# Almost 40 & thinking of IUI



## madison (May 6, 2005)

HI all,

          I have been on this site for over 2 years now & I can now join your group if thats ok ??

          I will be 40 in April.

          I have had 6 icsi's in total. I am a poor responder but I did get  BFP & my son Miles from my 4th go  Smiley
          my 5th & 6th go's at the end of last year resulted in no fertilization ( all eggs immature in 6th go)

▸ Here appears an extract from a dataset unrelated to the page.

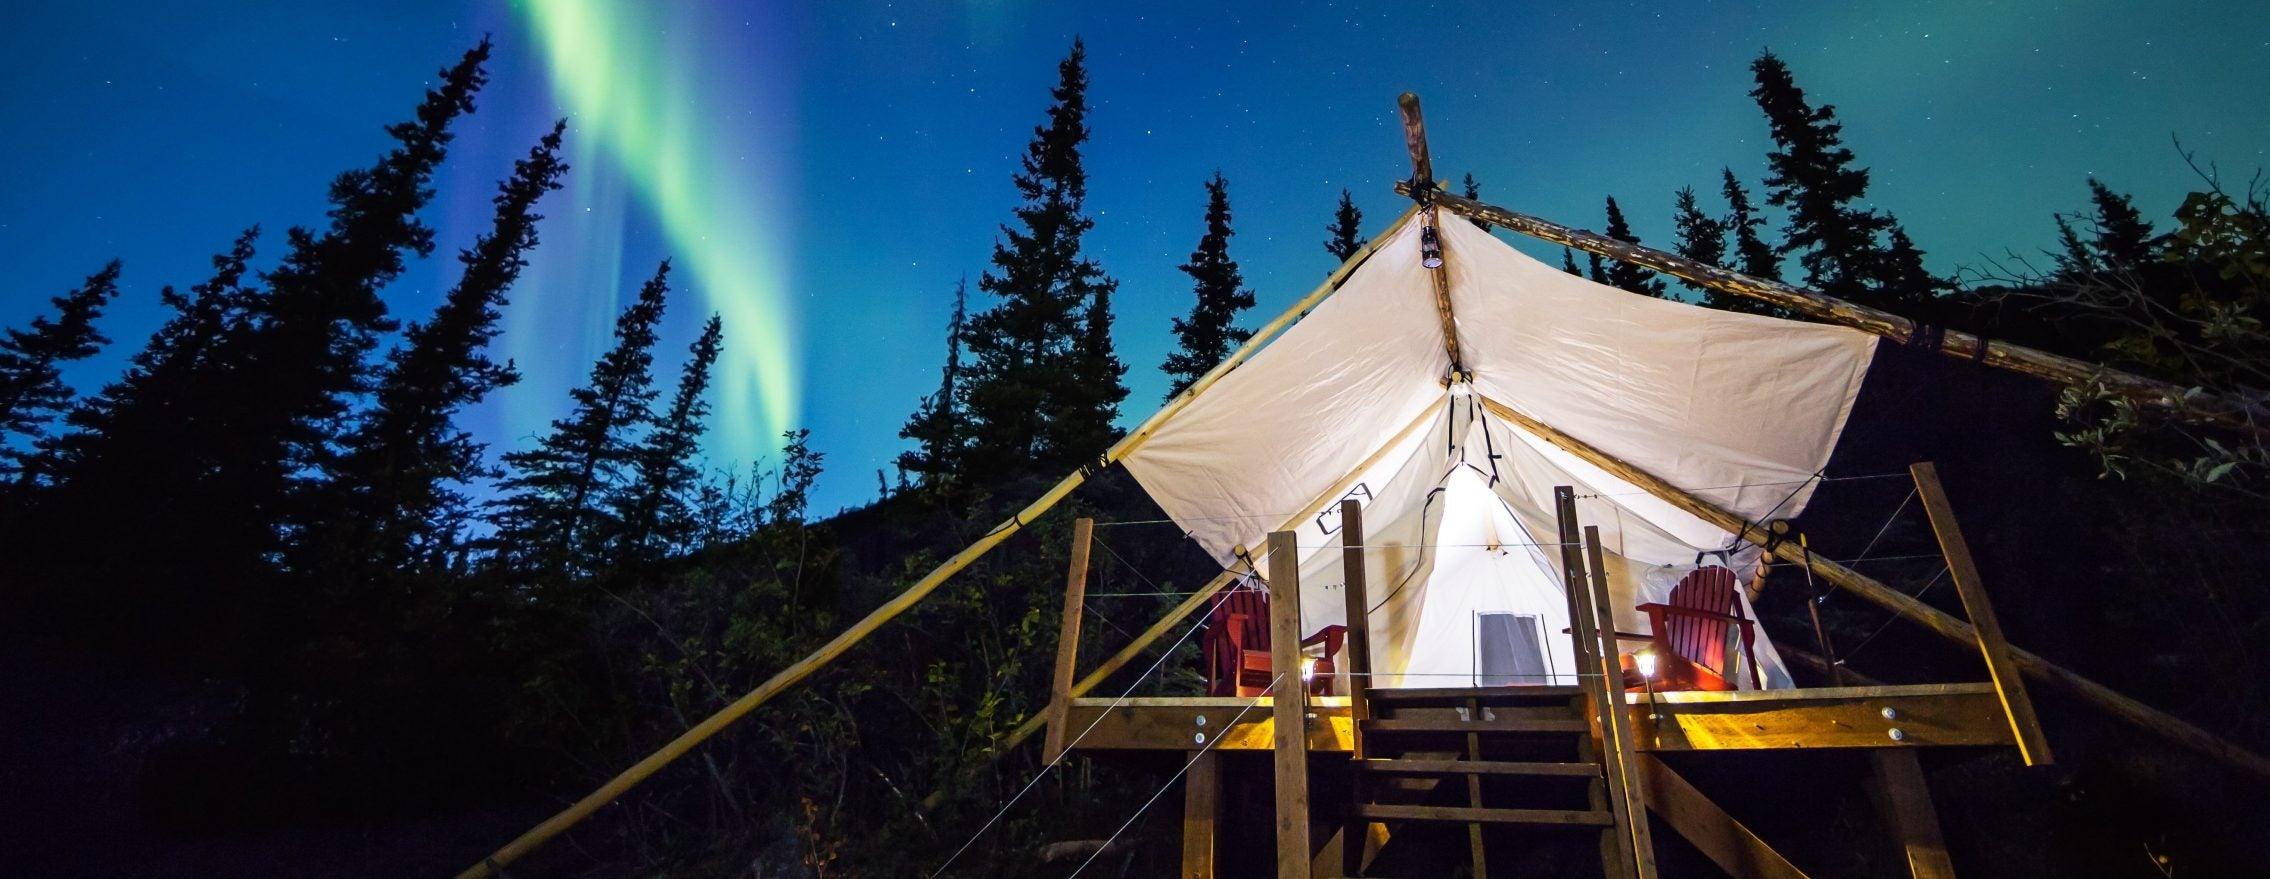 northern lights illuminate the sky above an eco-resort

          I did get 4 eggs in my 6th ( for what good 4 immatrue eggs was !! ) go but normally I only end up with 2 so I am a
          very poor responder.

          We decided to stop all ICSI/IVF but just dont seem to be able to let it go & we are thinking of
          IUI later in the year.

          Is IUI ok for 40+'s ?? I dont reapond well anyway & my thoughts are that IVF only has higher sats than IUI cos they
          get to pick the best embies to put back in.. I normally only have 1 to put back anyway so I would have thought
          for me IUI's chances cant really be any lower ??

            Thank you

                  Katy. xxxxx


----------



## Jo (Mar 22, 2002)

Juat wanted to say Welcome  

I have never had IUI so can't really comments as never really looked into it.

I want to wish you luck for your tx whatever you decide 

Love Jo
x x x


----------



## madison (May 6, 2005)

Jo,

                Thank you so much for the welcome.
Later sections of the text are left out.